An MPS server may be in one of the following states: INITIALIZING, ACTIVE or FAULT. The INITIALIZING state indicates that the MPS server is busy initializing and the MPS control will hold the new client requests in its queue. The ACTIVE state indicates the MPS server is able to process new client requests. The FAULT state indicates that the MPS server is blocked on a fatal fault caused by a client. Any new client requests will be rejected with error CUDA_ERROR_MPS_SERVER_NOT_READY.

A newly launched MPS server will be in the INITIALIZING state first. After successful initialization, the MPS server goes into the ACTIVE state. When a client encounters a fatal fault, the MPS server will transition from ACTIVE to FAULT. On pre-Volta MPS, the MPS server shuts down after encountering a fatal fault. On Volta MPS, the MPS server becomes ACTIVE again after all faulting clients have disconnected.

The control daemon executable also supports an interactive mode where a user with sufficient permissions can issue commands, for example to see the current list of servers and clients or startup and shutdown servers manually.

Client Attach/Detach#

When CUDA is first initialized in a program, the CUDA driver attempts to connect to the MPS control daemon. If the connection attempt fails, the program continues to run as it normally would without MPS. If however, the connection attempt succeeds, the MPS control daemon proceeds to ensure that an MPS server, launched with same user ID as that of the connecting client, is active before returning to the client. The MPS client then proceeds to connect to the server.

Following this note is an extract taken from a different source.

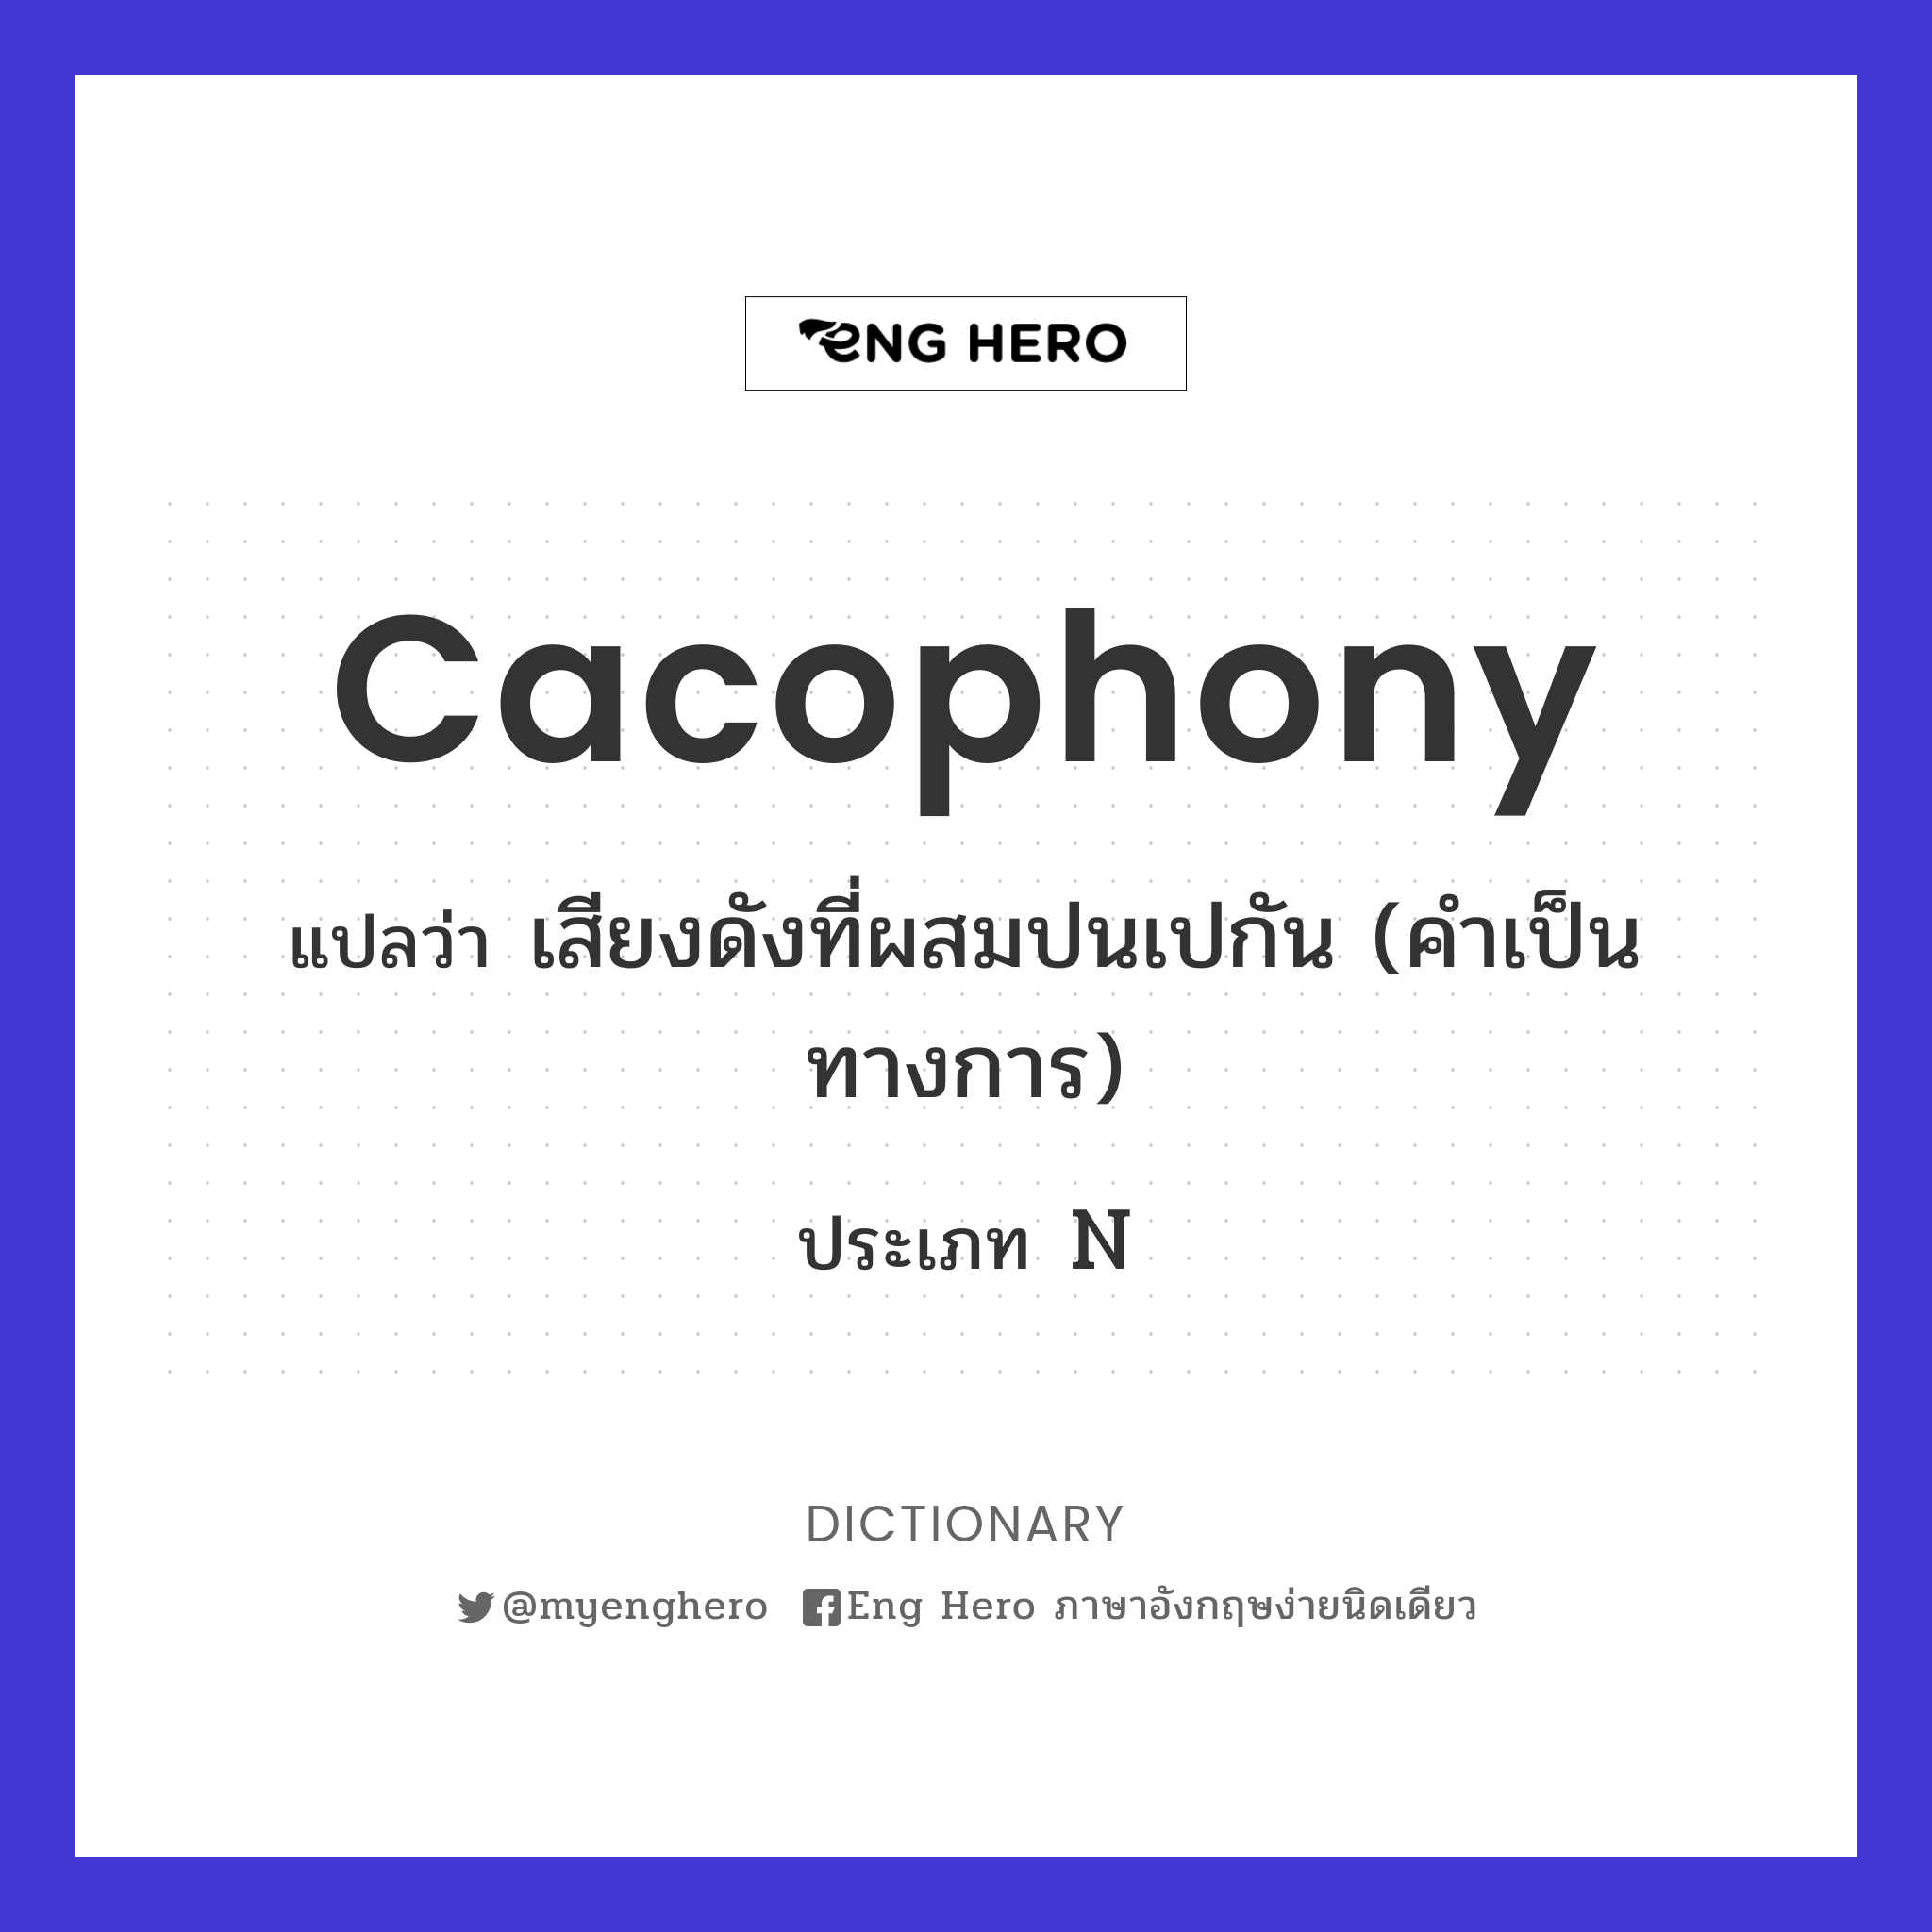 cacophony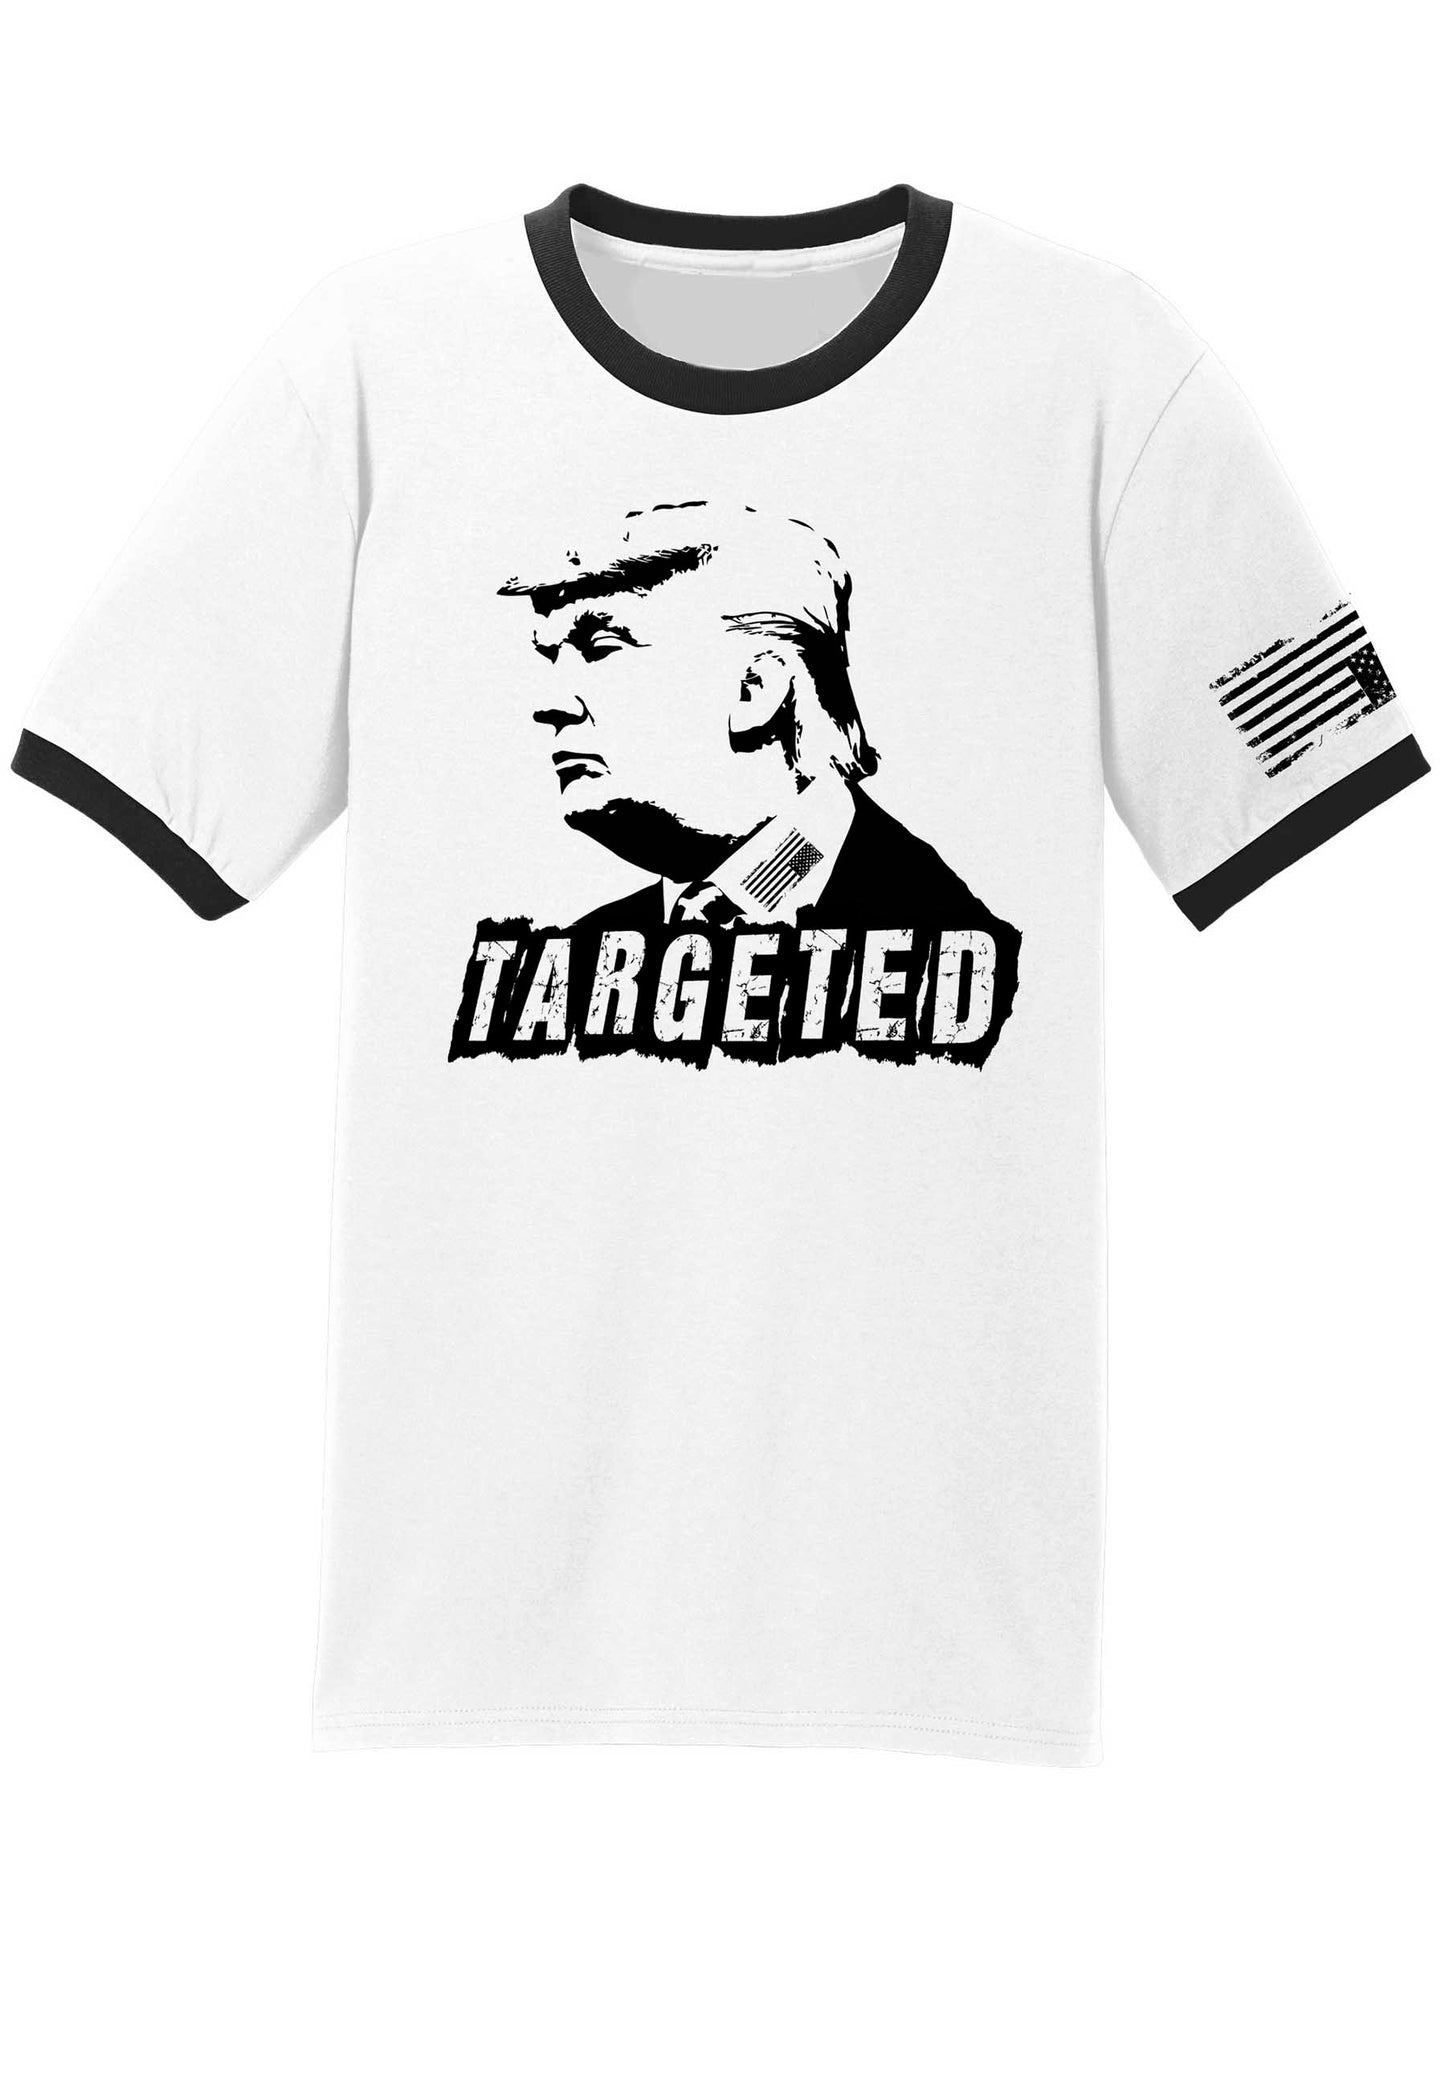 Donald Trump targeted shirt

All communication between the MPS client, the MPS control daemon, and the MPS server is done using named pipes and UNIX domain sockets. The MPS server launches a worker thread to receive commands from the client. Successful client connection will be logged by the MPS server as the client status becomes ACTIVE. Upon client process exit, the server destroys any resources not explicitly freed by the client process and terminates the worker thread. The client exit event will be logged by the MPS server.